• Task: All of the data should be output character for character, except the pictures.

• Source material:

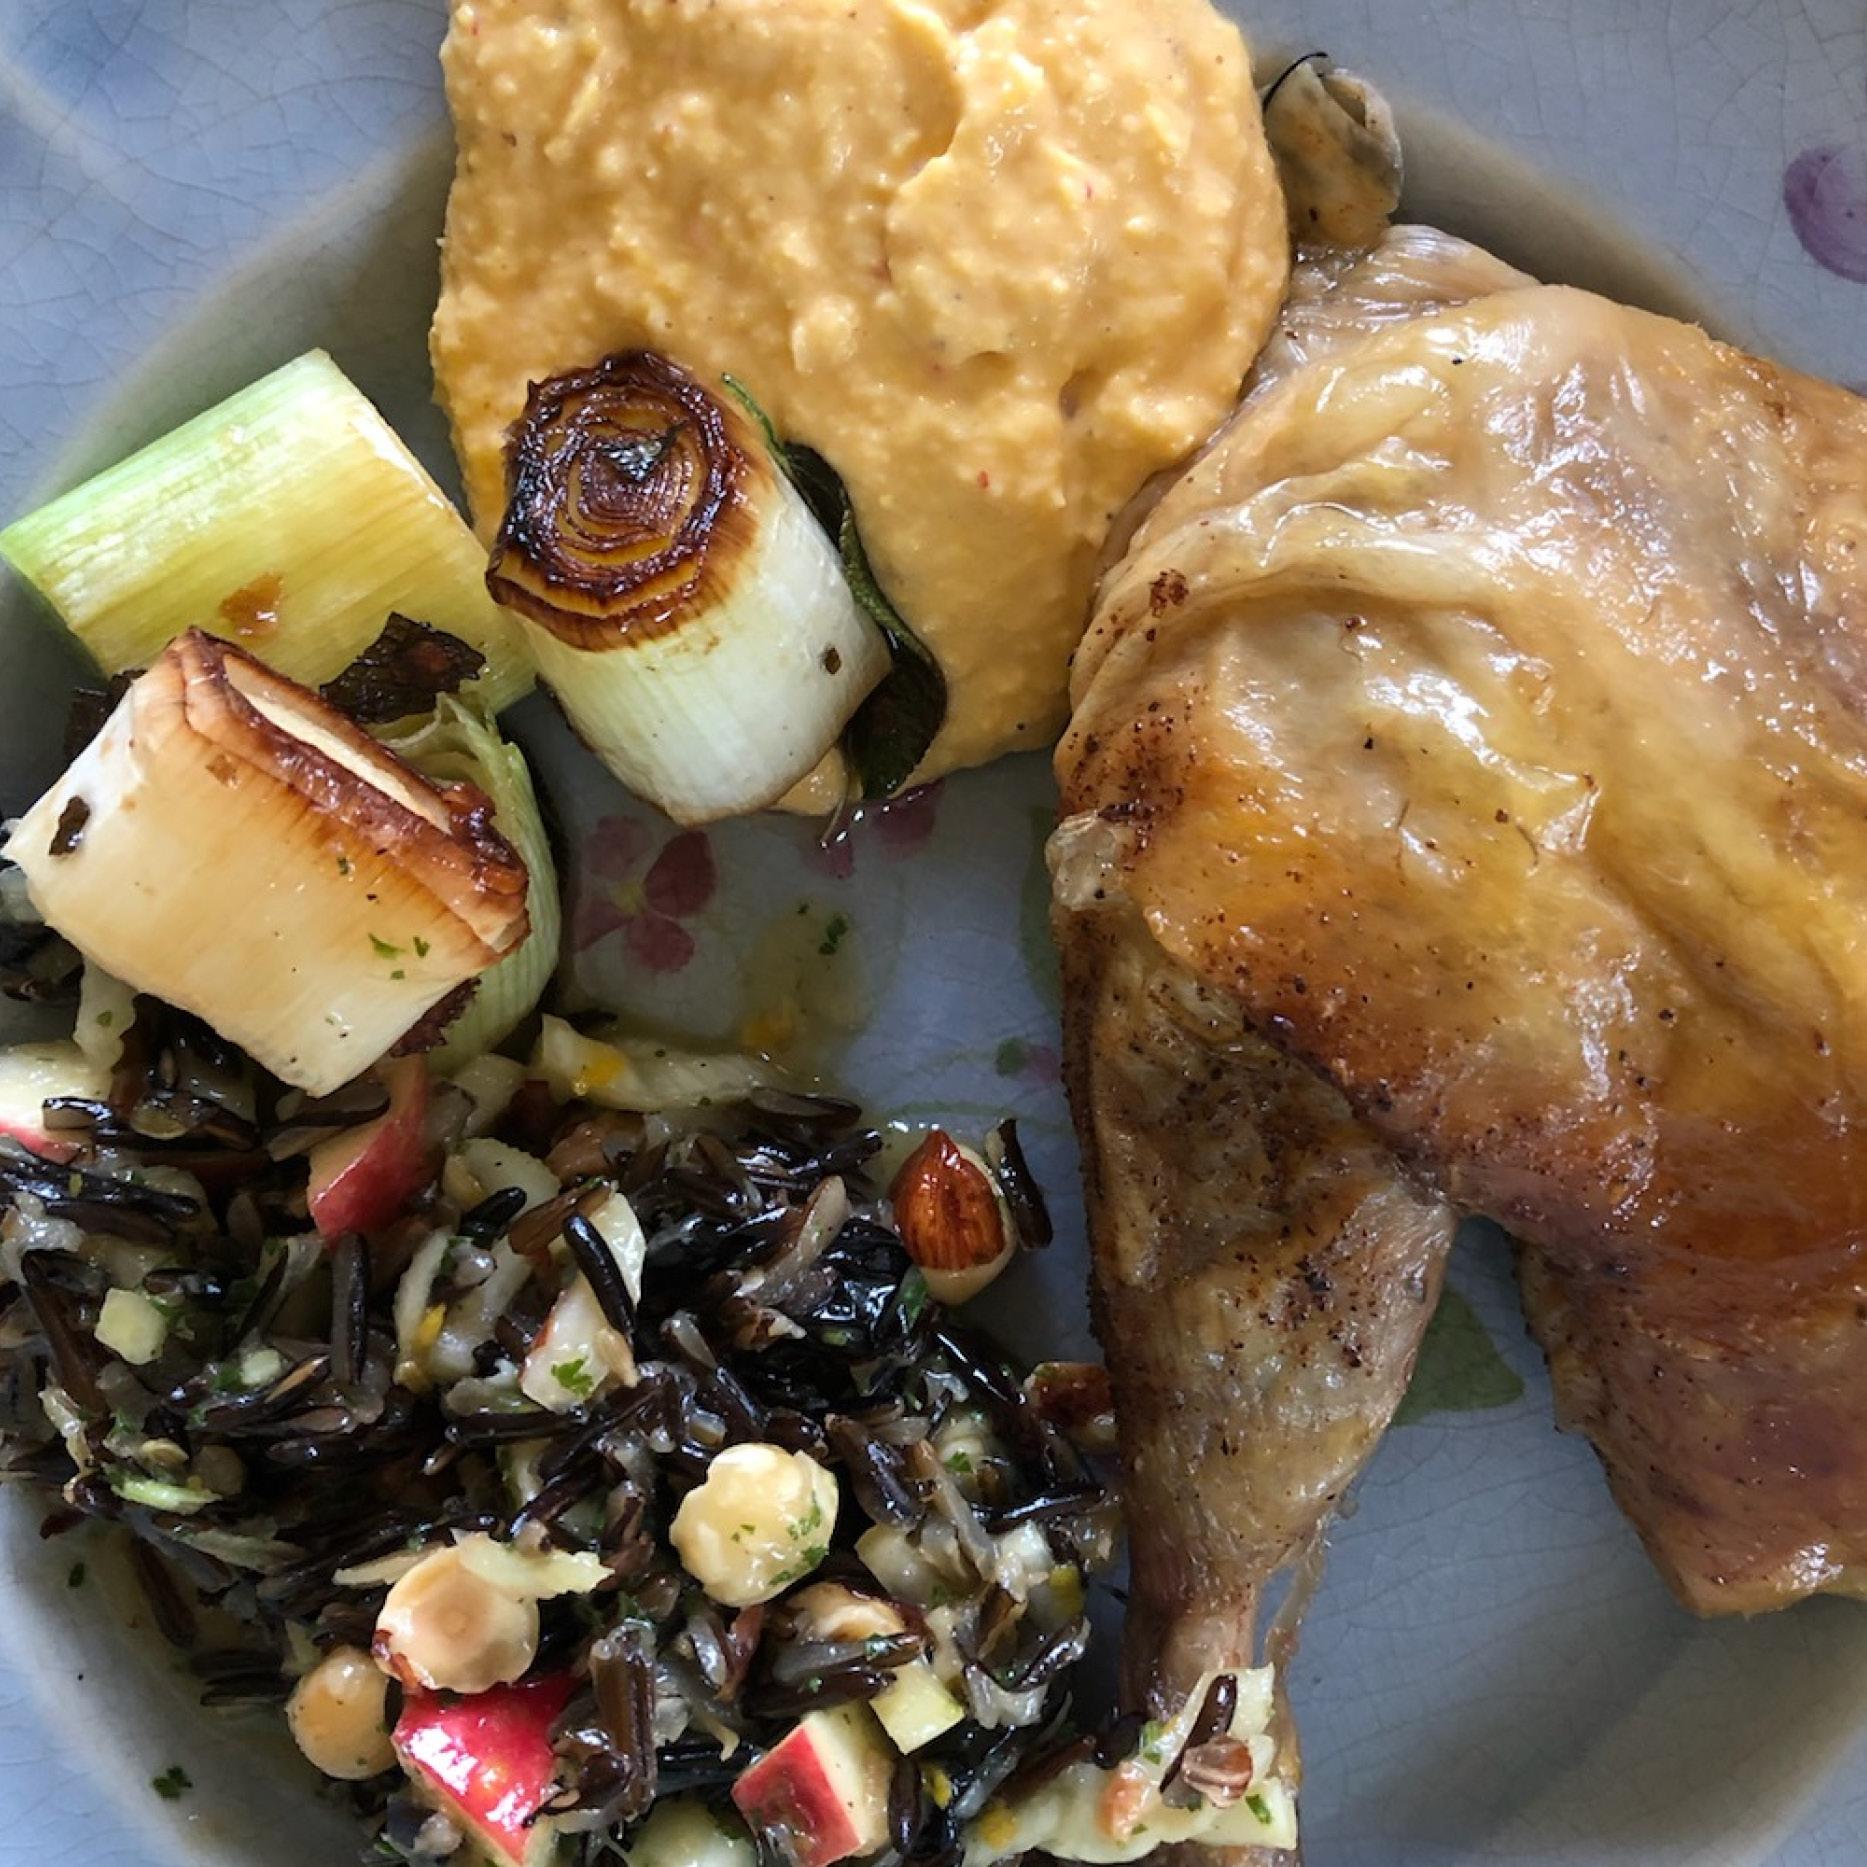 Wild rice salad and Sweet corn sauce
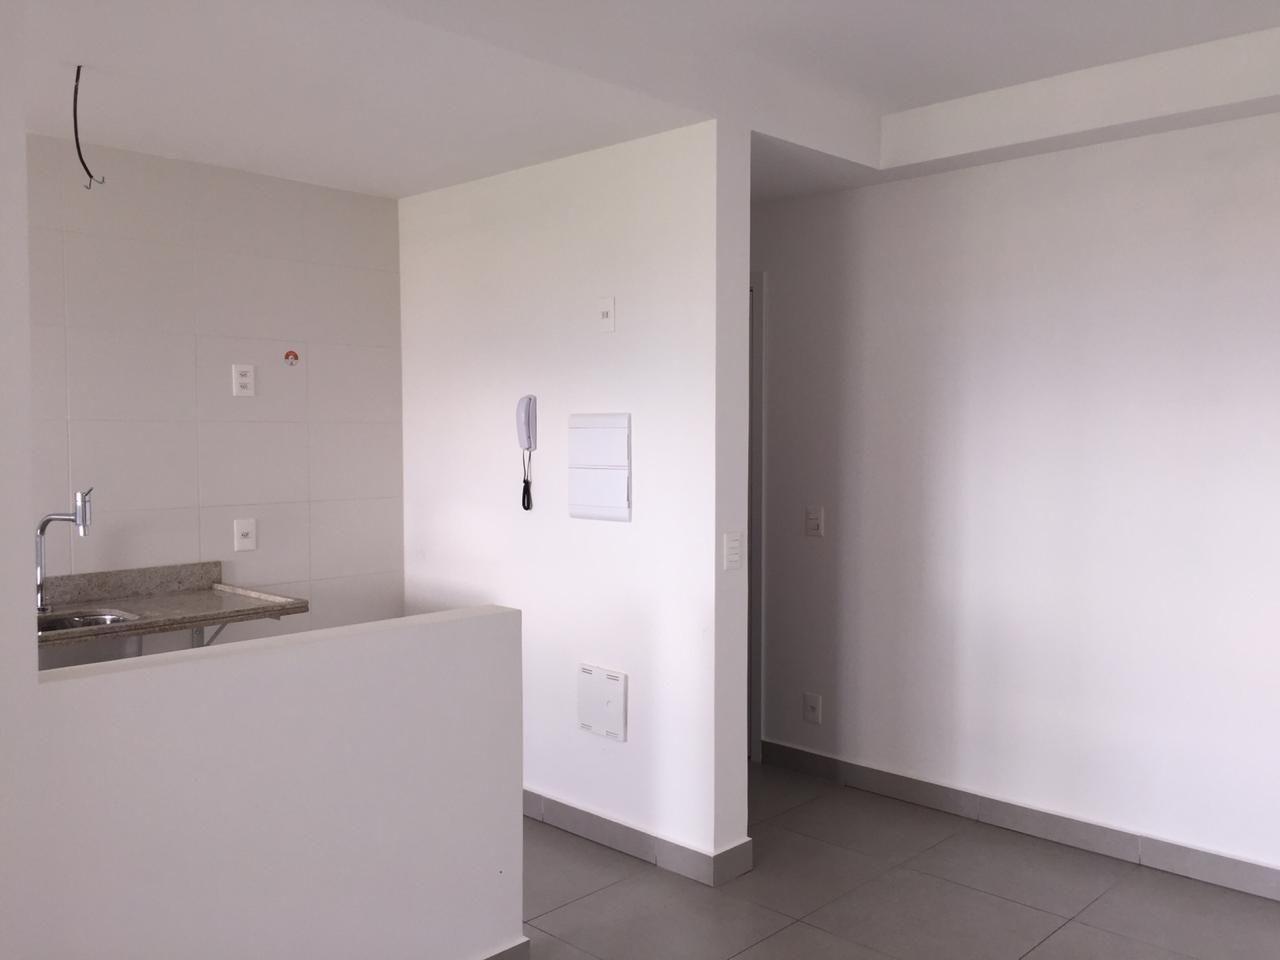 303 - Apto Quinta da Primavera 66 m²
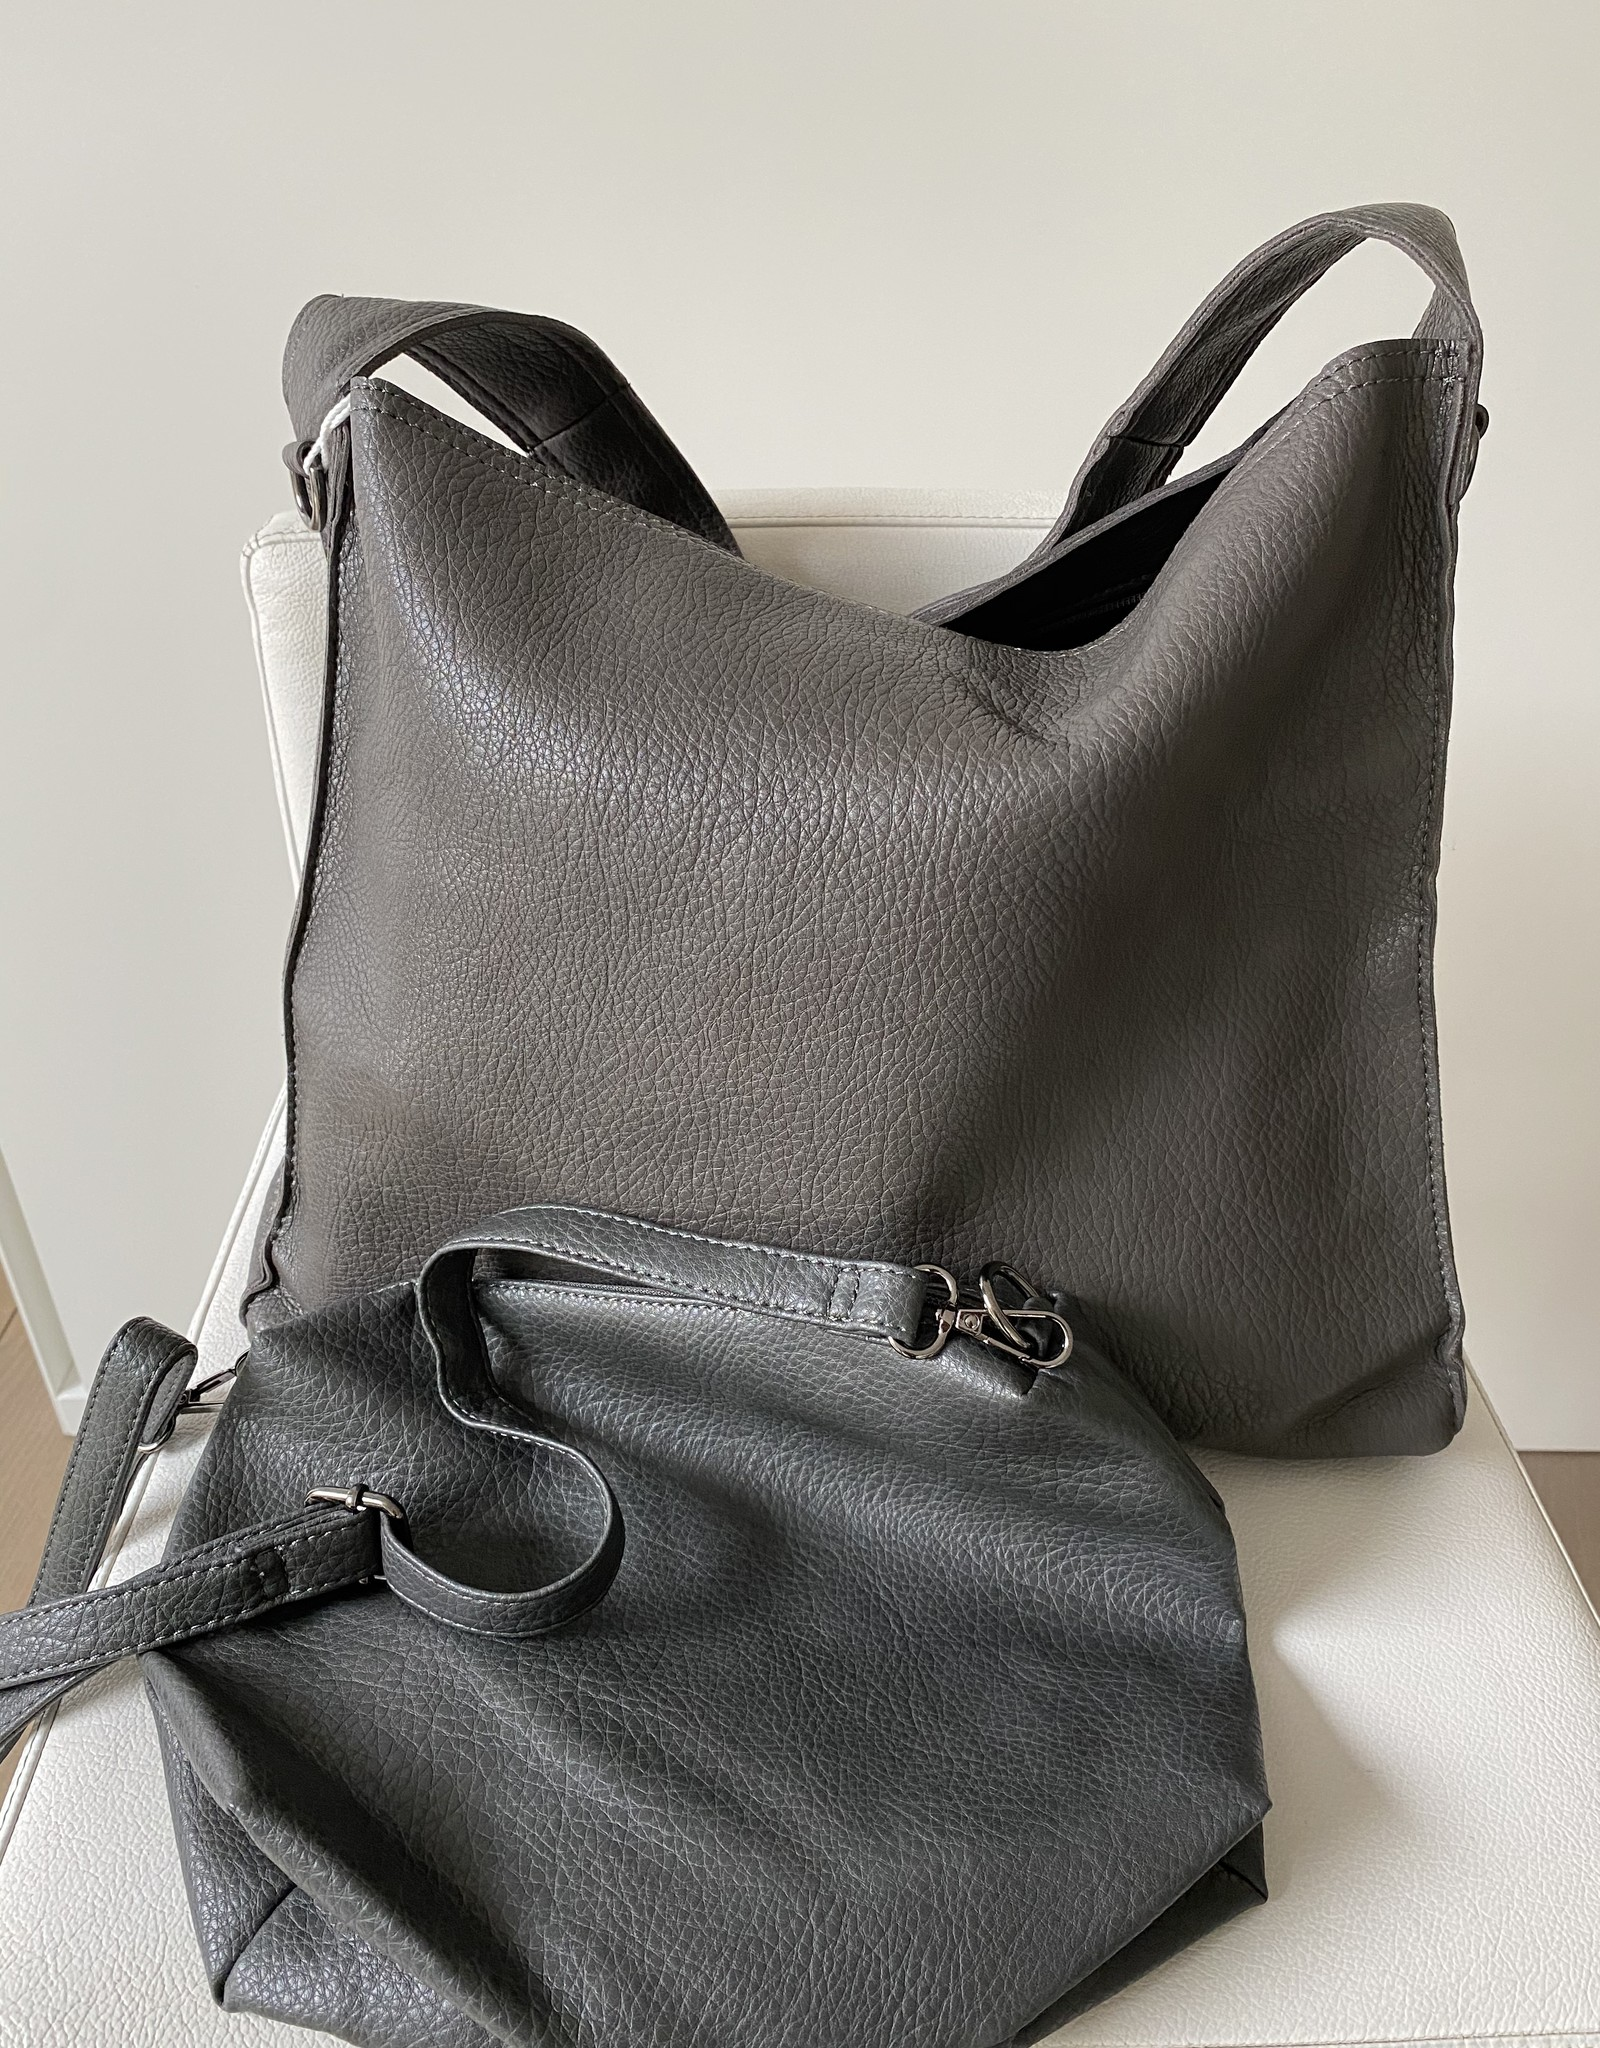 Grote tas, kunstleder met klein tasje binnenin
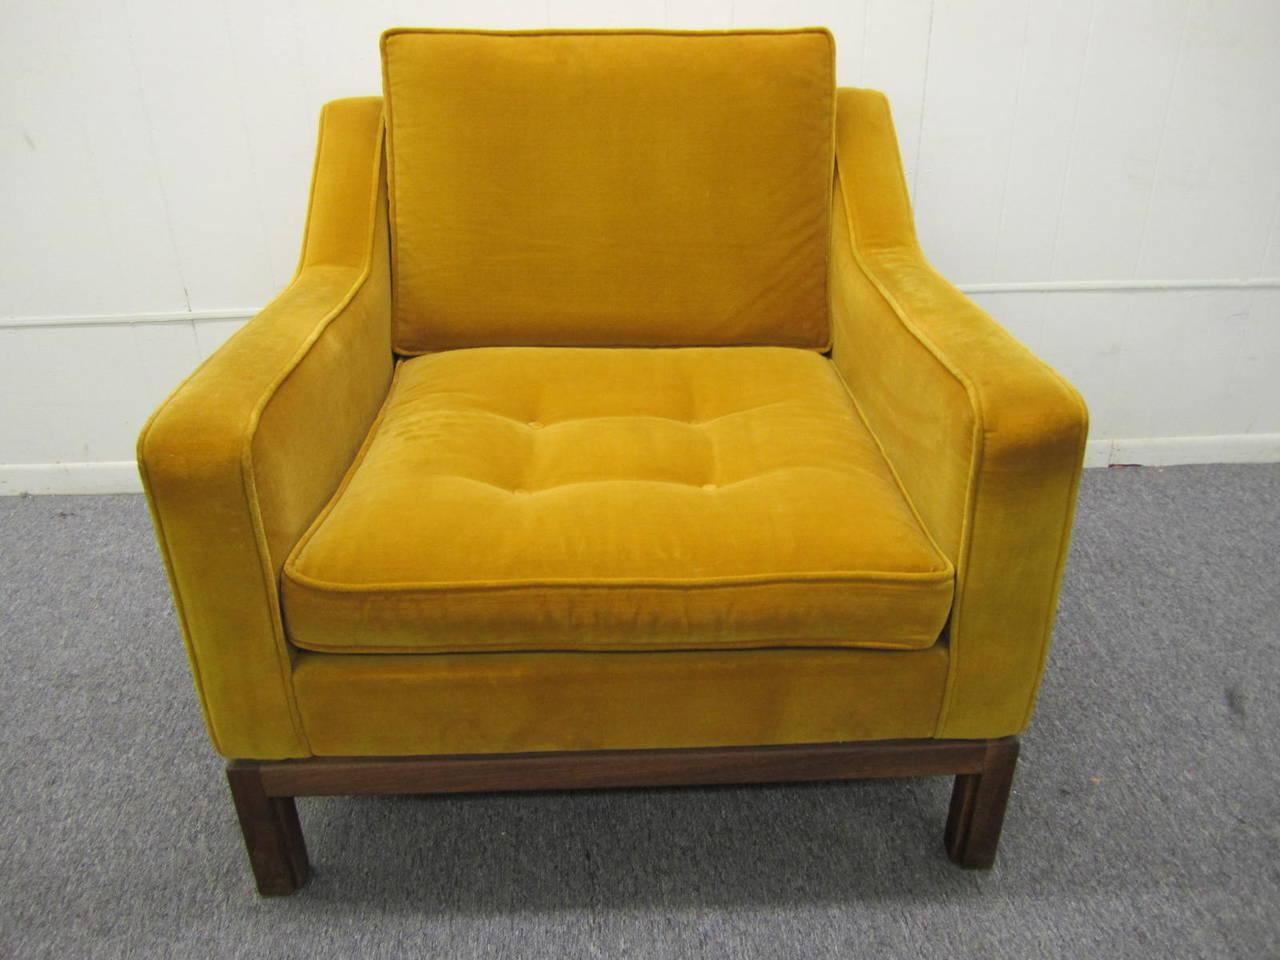 Jens Risom Chair, By Jens Risom Design Inc., USA, Walnut Frame With

• Task answer:
 Wild rice salad and Sweet corn sauce
 303 - Apto Quinta da Primavera 66 m²
 Grote tas, kunstleder met klein tasje binnenin
 Jens Risom Chair, By Jens Risom Design Inc., USA, Walnut Frame With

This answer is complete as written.